Within just six weeks, Hazel Findlay has successfully headpointed Magic Line 5.14c R in Yosemite Valley, a 35m crack which she describes as the 'hardest and most beautiful line' she has tried and equivalent to 'E10 for sure'. It can be hard to directly translate top-end American grades, but this is an 8c trad route. Hazel added, "To give you an idea of how hard this route was for me, the lower boulder crux is the hardest boulder problem I’ve ever done."
This morning, after a six-week battle with the snapping of crucial micro-footholds, a sore finger and windblown water from the nearby Vernal Falls, Hazel commented on Instagram:
"I worked hard for this one. I knew as soon as I tried it very briefly in November 2018 that if I was ever going to climb one very hard (for me) single pitch this would be it. Just because it was so beautiful to look at, so fun to move upwards on and in such a magical place. So I trained properly with the help of @davidmason85 all summer and I committed myself to these 35 metres for the whole valley season. It was stressful getting heartbreakingly close twice but in reality doing it on the last day of the trip meant that this route was the perfect challenge for me, testing me right to the end."
So how hard is the route?
Hazel told us: "The route is E10 for sure as it’s 14c/8c+ to place the gear. It’s not dangerous but you have to run it out as far as you can above ball nuts so the American grade 5.14c R is more appropriate. So yes this is not only my hardest trad route but hardest route full stop having only climbed 8c on bolts. It’s the coolest looking line I’ve ever seen. It’s my style but I knew I had to be stronger for it so it was a great motivation for me to train and really challenge myself. I’m heading back to Wales on Thursday for some much needed rest!"

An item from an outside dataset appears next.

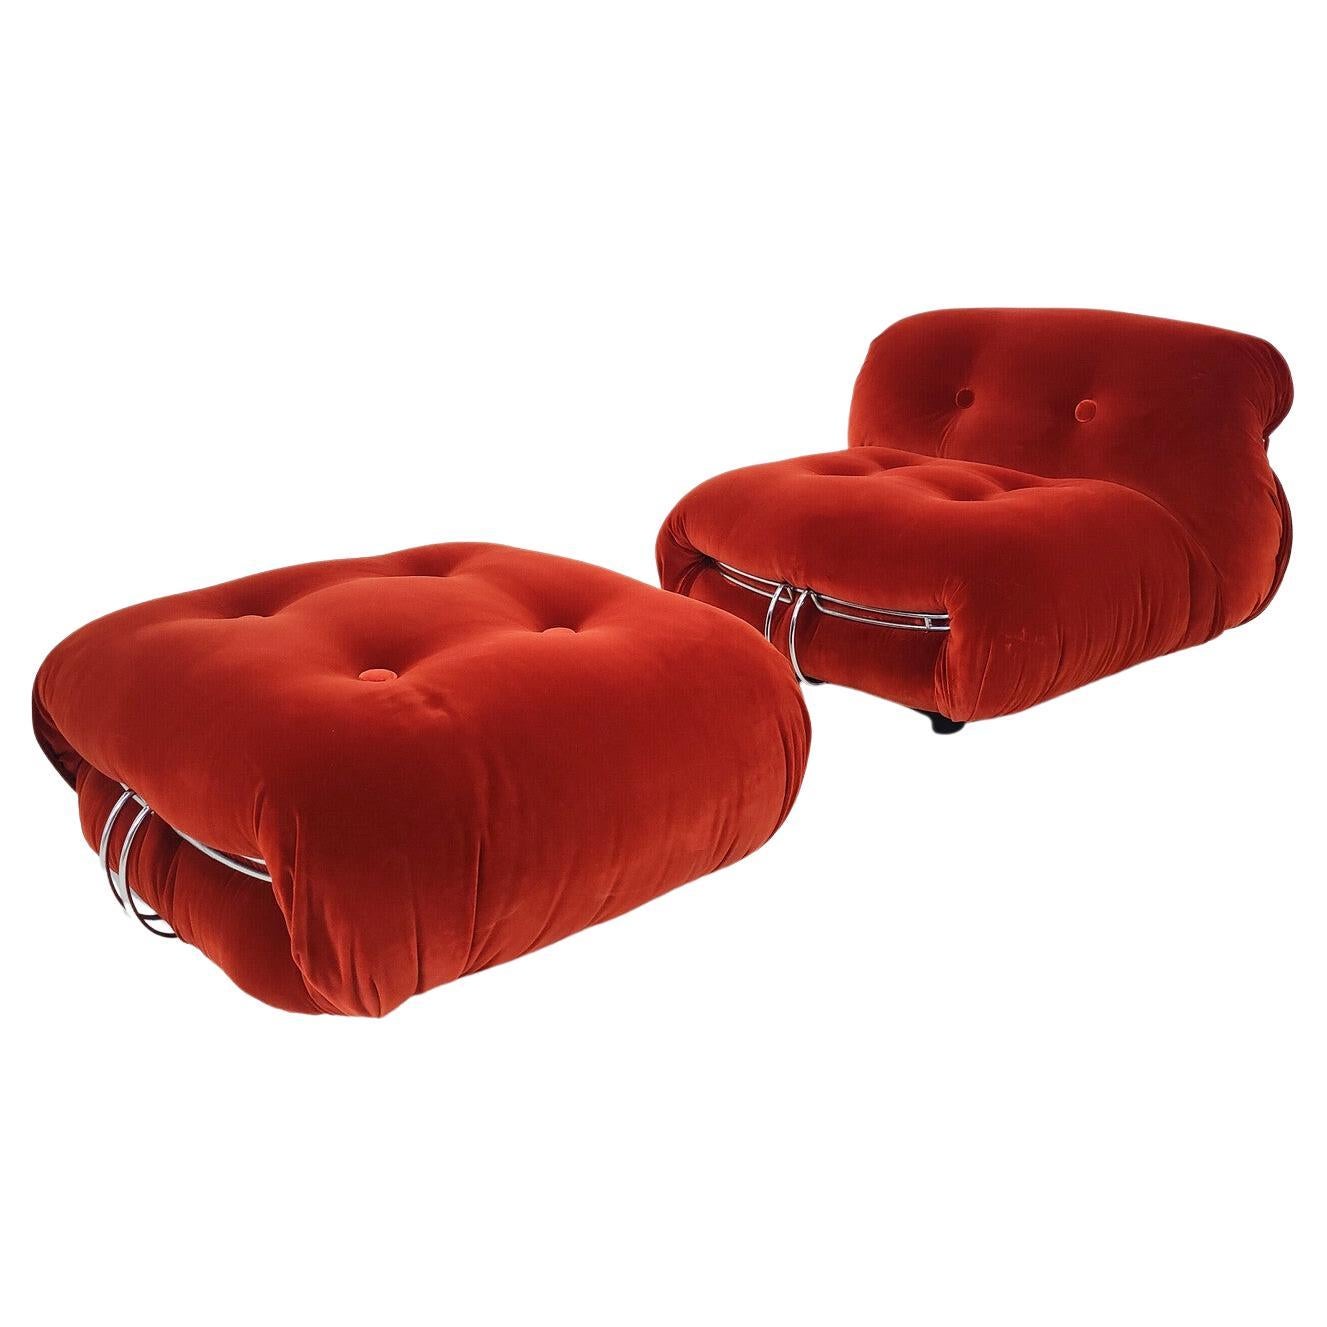 Pair of Midcentury Orange "Soriana" Lounge Chair and Ottoman For Sale

Hazel is well-qualified to comment on the equivalent E-grade of a route like this: she was, after all, the first British woman to climb E9 (she has climbed two, Once Upon a Time in the South West E9 6c (2011) and Chicama on Anglesey (2013). She was also the first British female to climb 8c (she's climbed two, both in Spain). The BMC Ambassador was also the first British female to free-climb El Cap, and she has now done so four times: the first female ascent of Golden Gate in 2011, the first female ascent of Pre-Muir Wall in 2012, climbing Freerider in just three days in 2013 and ticking the impressive Salathé Wall in 2017.
"Just having this level of difficulty would make it harder than E9 at probably E10 7a, I guess" - James McHaffie
Hazel documented her progress on Instagram (you can click through below).

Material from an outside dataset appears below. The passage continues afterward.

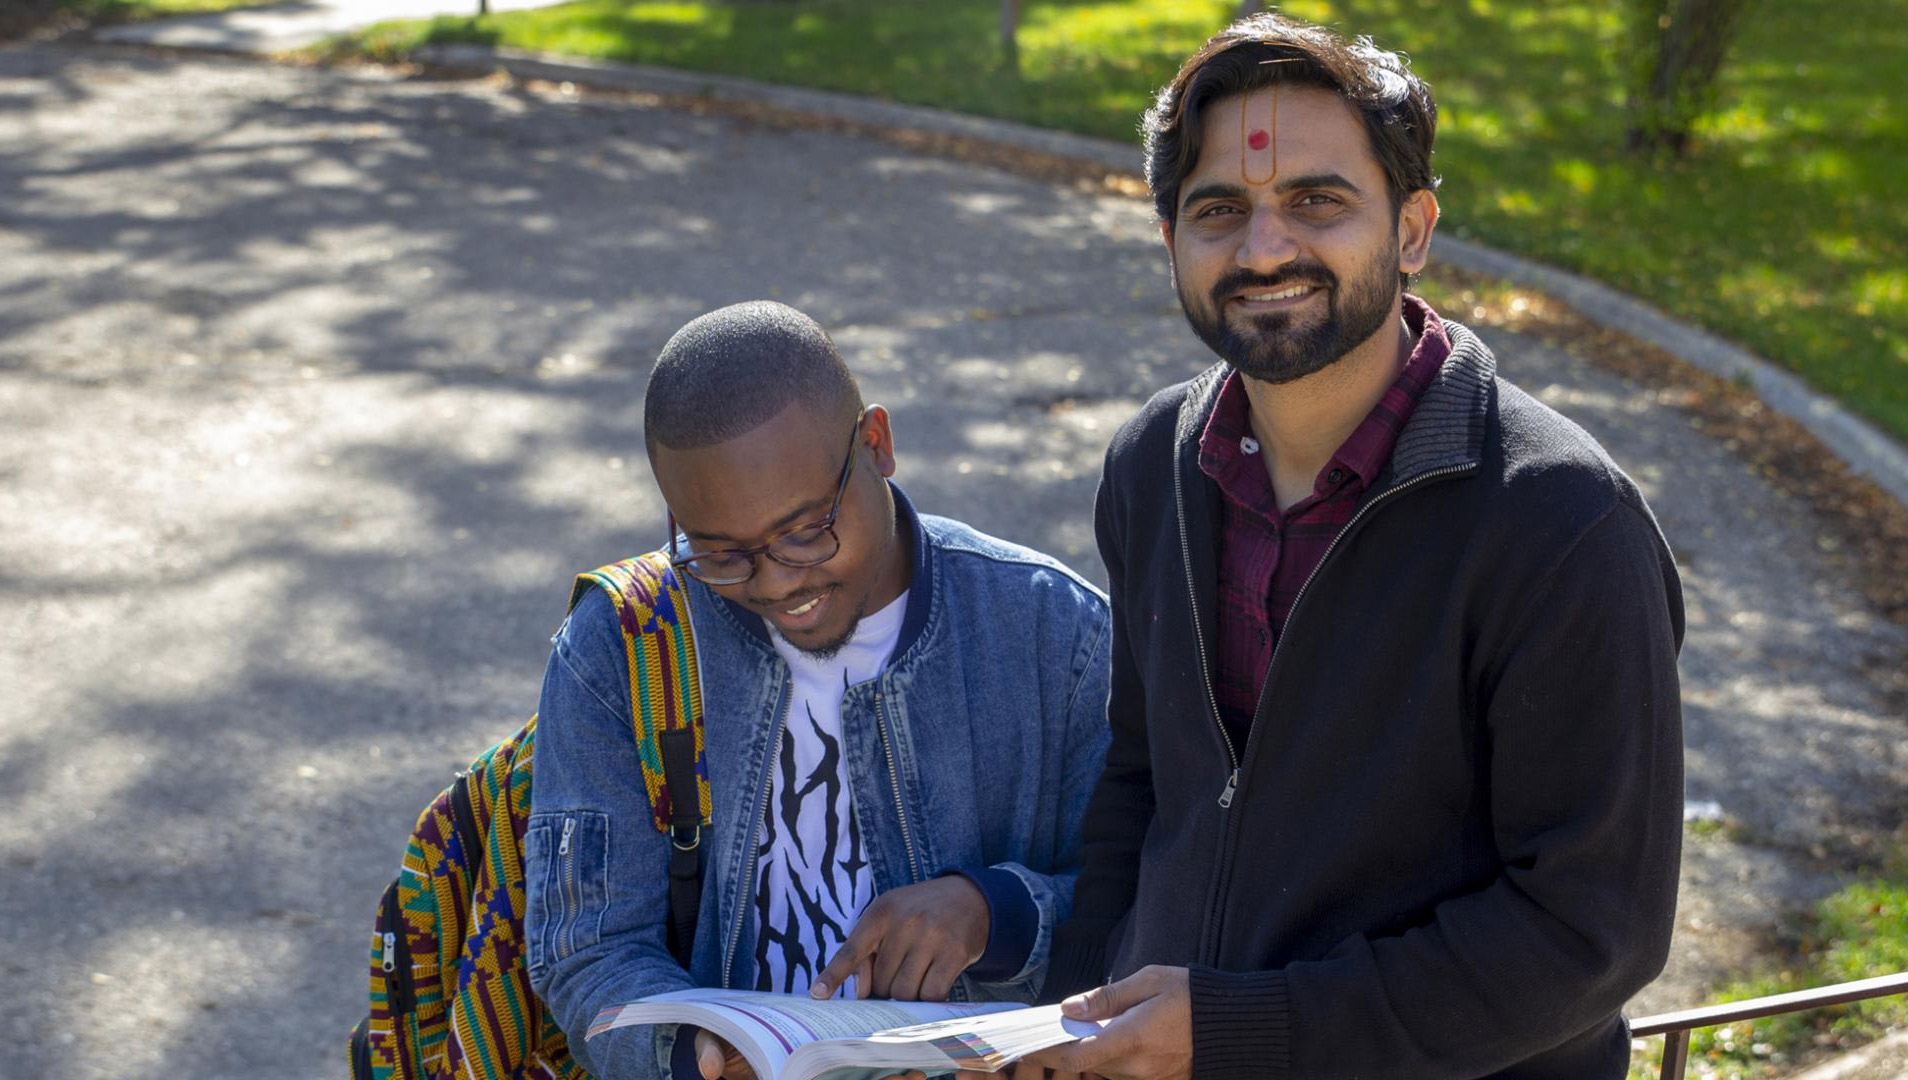 Two male students standing outdoors with a green lawn full of fallen leaves behind them, looking at a textbook.

The BMC's James McHaffie , no stranger to hard grades himself, commented: "It's incredibly impressive, yes. I think it's meant to be 8c+ (5.14c), but in an extremely precarious crack style. Just having this level of difficulty would make it harder than E9 at probably E10 7a, I guess, although UK grades get slightly weird at this level where danger level may be very low. The safe E9s in the UK like Big Issue, Mission Impossible and Divided Years are all around 8a+, so miles easier than Magic Line.
"Hazel's the best climber I've seen on granite, having climbed Book of Hate and Pre-Muir with Hazel in 2011/12, and I think good climbers who have been on the endless, slippery cracks and laybacks with no footholds or handholds will appreciate how difficult the medium can be. Doing it in a month is impressive too, particularly with last-day pressure. If she'd gone for a second round next year I would have taken the piss out of the carbon footprint per metre forever."
A bit of background on Magic Line
Magic Line was established by Ron Kauk, one of the famous Yosemite pioneers, in 1996. He climbed it with pre-placed gear. Over the years, plenty of hard triers attempted to climb the route without pre-placed gear, and were spat off. Ron's name is familiar in Britain. You may not, however, have heard of Ron's son, Lonnie, who grew up running around Yosemite.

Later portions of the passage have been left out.